**Work order**
Range to repeat from the listing below: the line containing "Nude is an original" down to the line containing "Union supporters fought", both included. Copy it exactly, pictures excluded, and add nothing else.

**Material for this exercise**
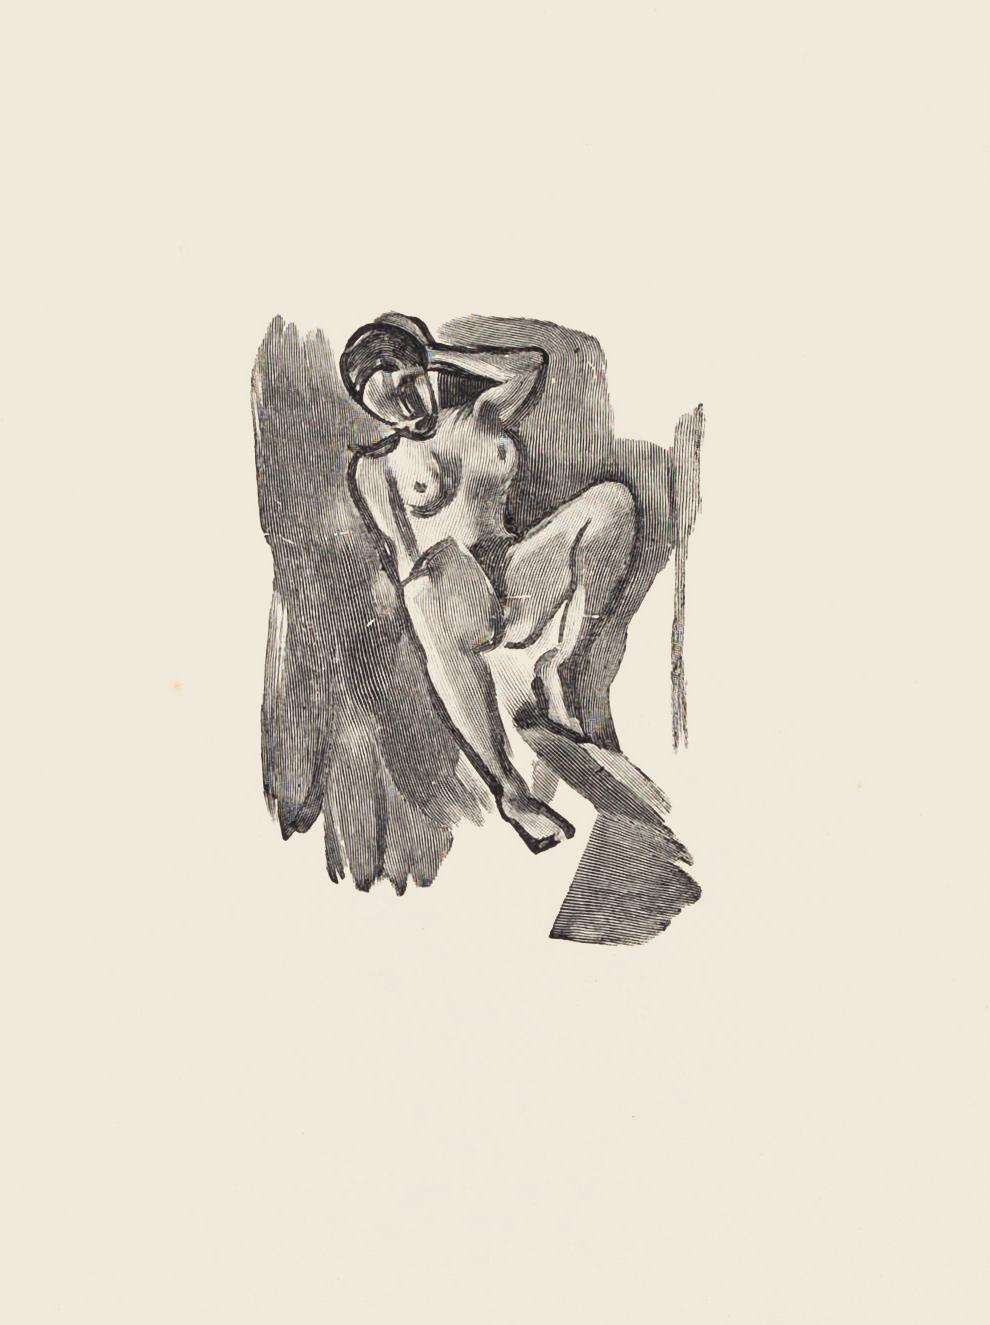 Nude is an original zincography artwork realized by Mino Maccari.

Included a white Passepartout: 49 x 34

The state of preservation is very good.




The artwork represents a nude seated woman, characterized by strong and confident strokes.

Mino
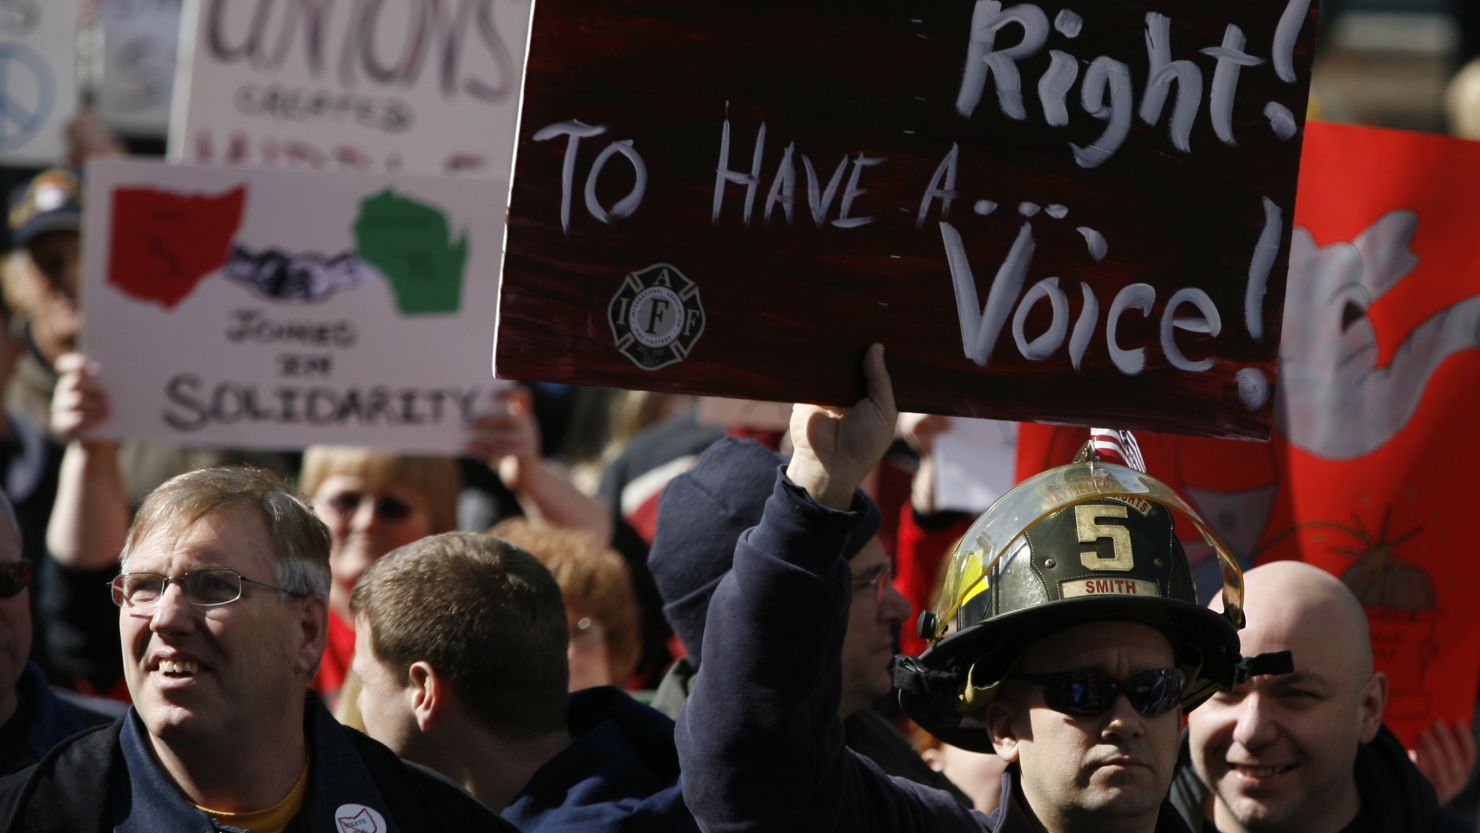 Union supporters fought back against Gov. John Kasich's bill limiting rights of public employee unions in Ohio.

---

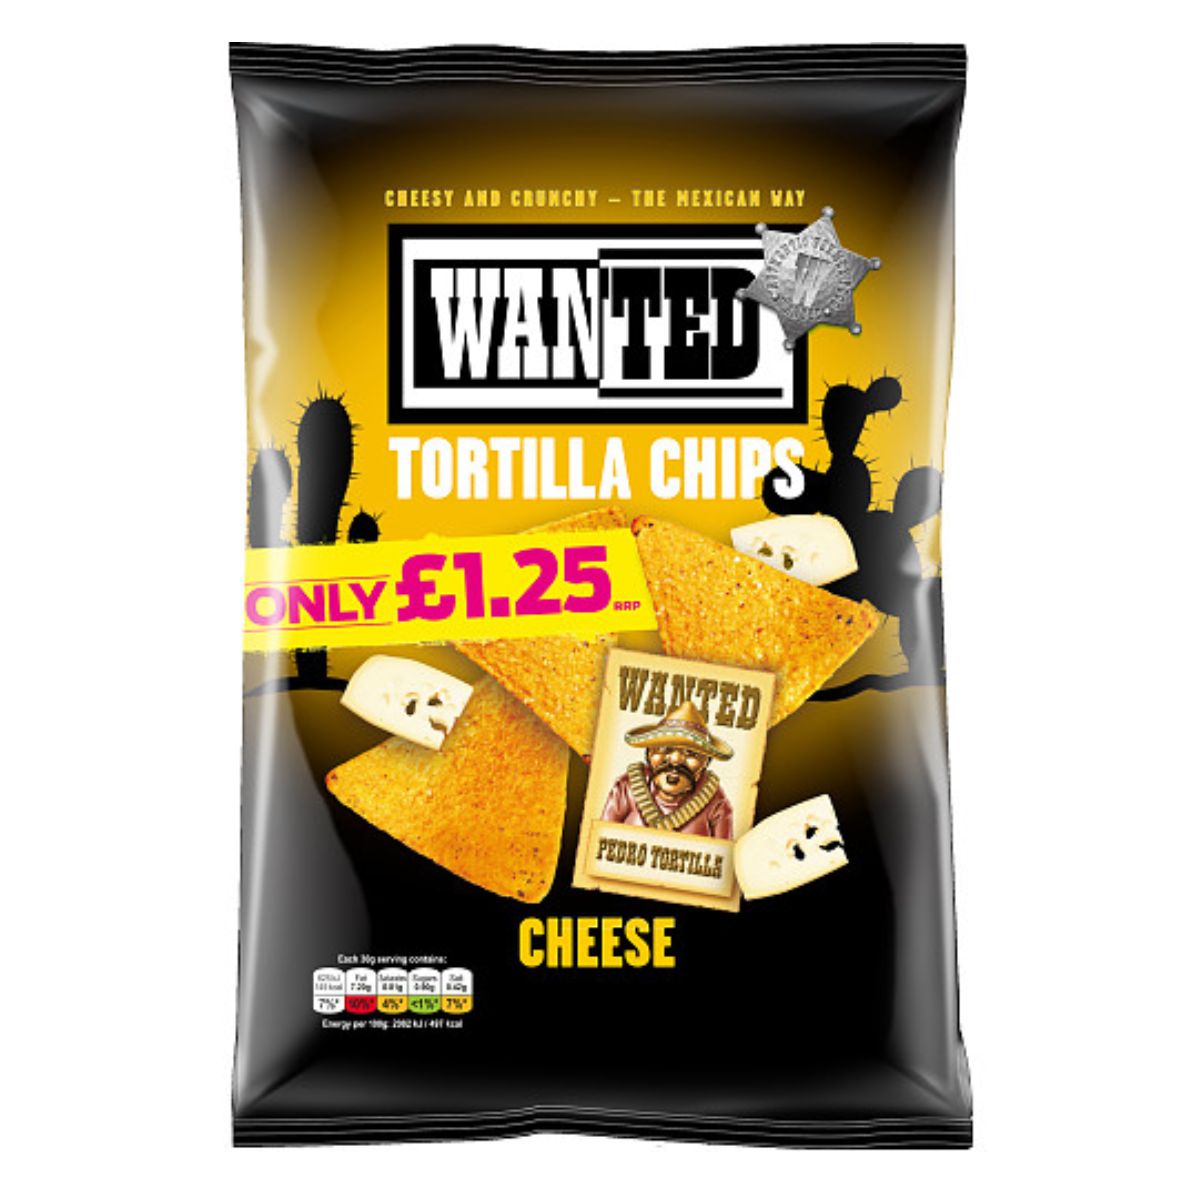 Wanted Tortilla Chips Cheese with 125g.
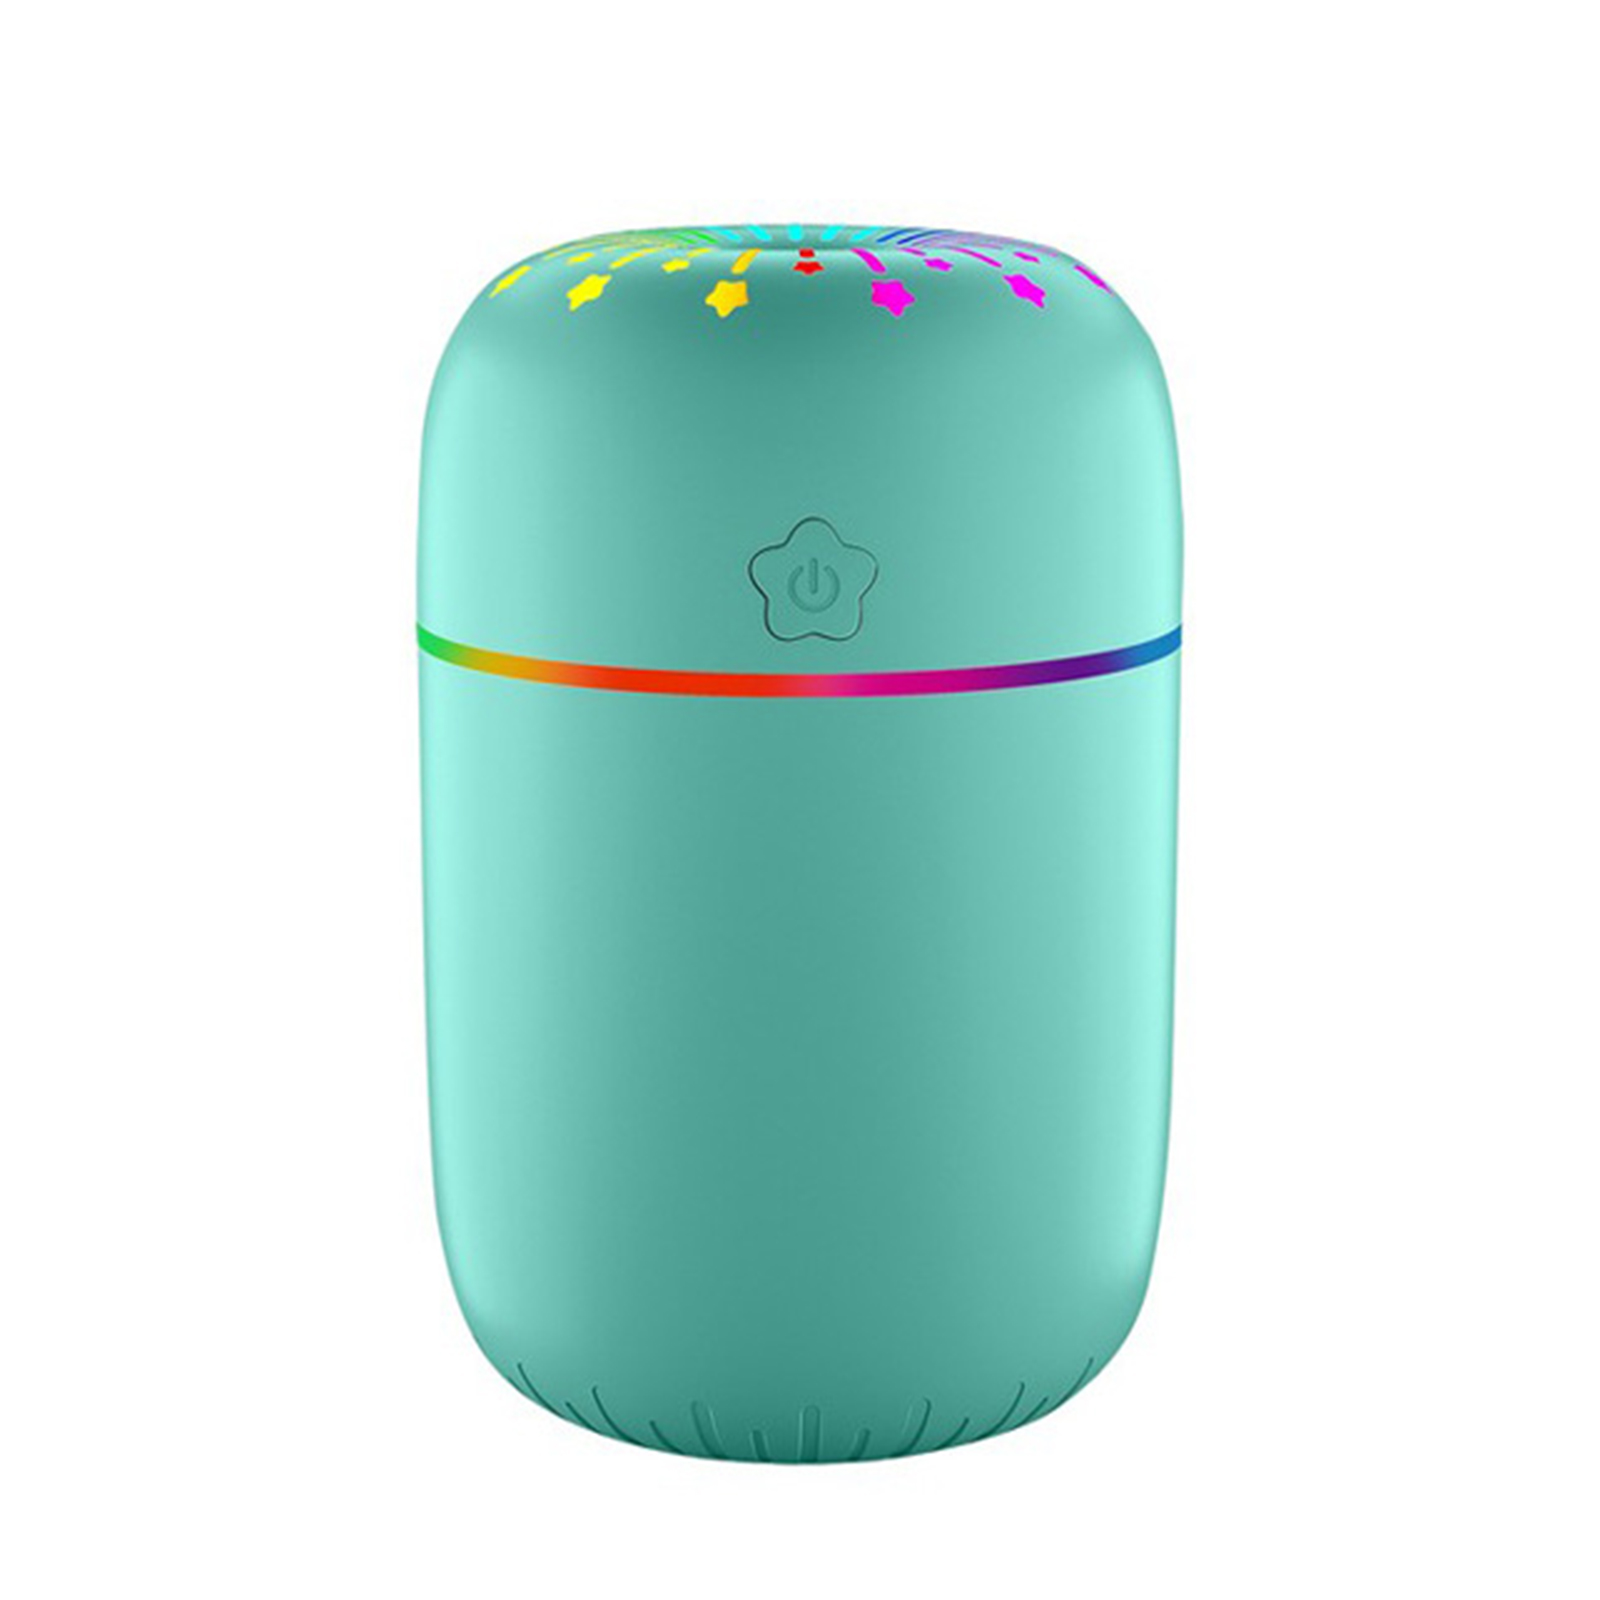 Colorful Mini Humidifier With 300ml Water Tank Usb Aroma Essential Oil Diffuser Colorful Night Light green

==

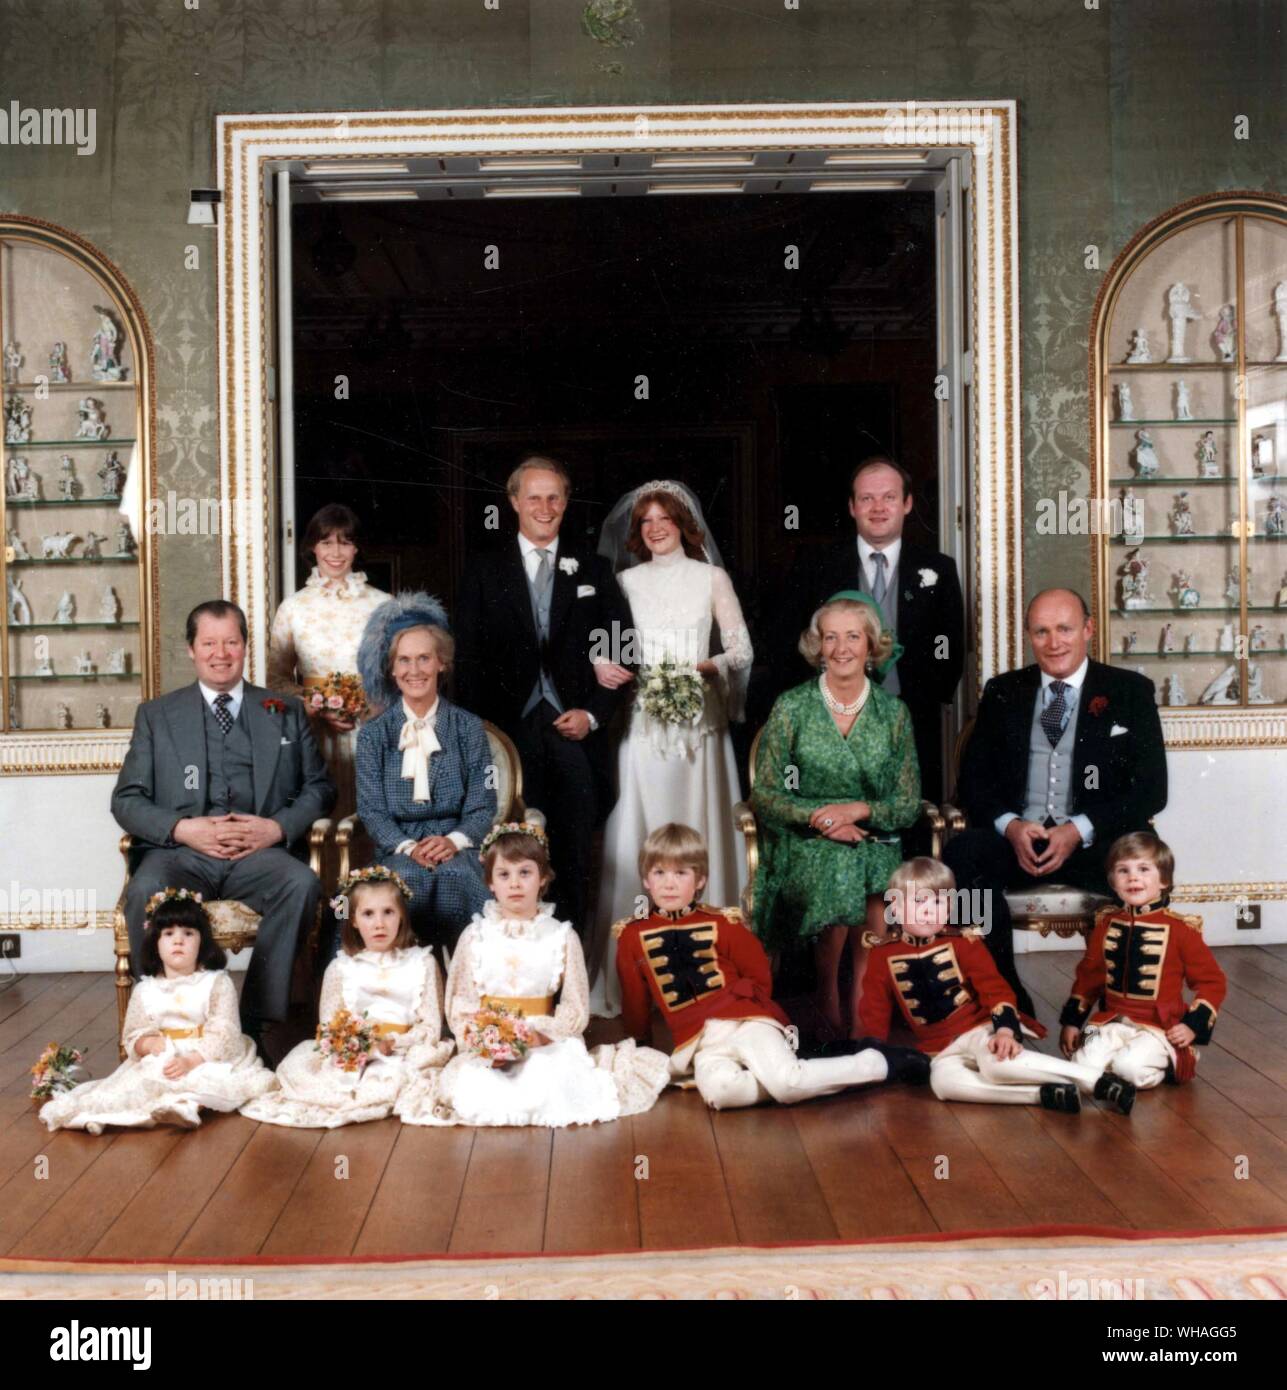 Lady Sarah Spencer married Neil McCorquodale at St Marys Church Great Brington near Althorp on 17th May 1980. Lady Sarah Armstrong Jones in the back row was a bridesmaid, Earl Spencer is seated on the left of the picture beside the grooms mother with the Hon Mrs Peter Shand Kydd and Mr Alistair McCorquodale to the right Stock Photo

**Answer for this exercise**
 Nude is an original zincography artwork realized by Mino Maccari.

Included a white Passepartout: 49 x 34

The state of preservation is very good.




The artwork represents a nude seated woman, characterized by strong and confident strokes.

Mino
 Union supporters fought back against Gov. John Kasich's bill limiting rights of public employee unions in Ohio.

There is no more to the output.